Pituitary adenoma, thyrotoxicosis, hyperthyroidism, thyrotropin, neurosurgery
A 19-year-old young male with depressive disorder, sustained mood changes and involuntary weight loss was referred to our center in 2016 due to thyrotoxicosis with inappropriately elevated TSH (TSH 6.83 µU/ml [Reference Range (RR) 0.27-4.2], FT3 7.79 pg/ml [RR 2.0-4.4], FT4 1.76 ng/dL [RR 0.93-1.7]).

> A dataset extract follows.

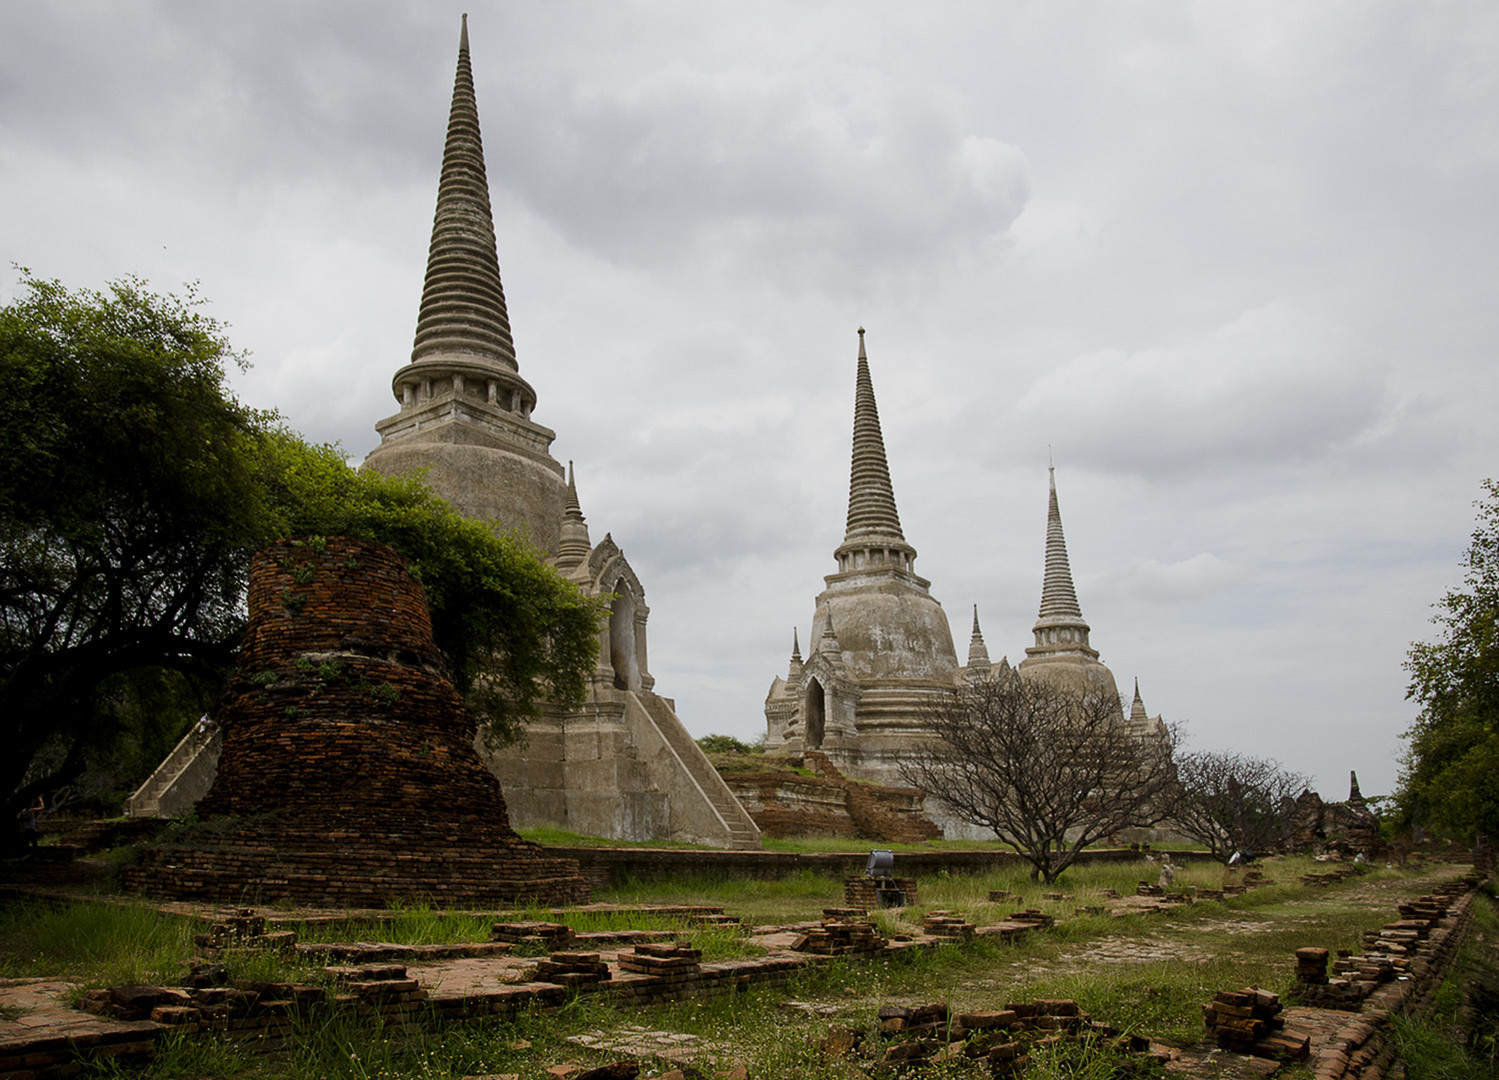 Ayuttaya-Wat Phra Si Samphet

Further investigation showed heterogeneous micronodular thyroid echostructure and high radioactive iodine homogeneous uptake on thyroid scintigraphy, with negative thyroid autoantibodies. Magnetic resonance imaging (MRI) revealed a pituitary tumour (8.2 x 9.7 mm), TRH stimulation test showed abnormal TSH blunted response and serum glycoprotein hormone alpha-sub-unit (α-GSU) (1,17 mUI/ml [RR 0.00-0.80]) and α-GSU/TSH molar ratio (α-GSU/TSH>1) were elevated, suggesting a thyrotropin-secreting pituitary adenoma. There was no family history of thyroid disease and TRβ genetic testing excluded resistance to thyroid hormone action (RTH).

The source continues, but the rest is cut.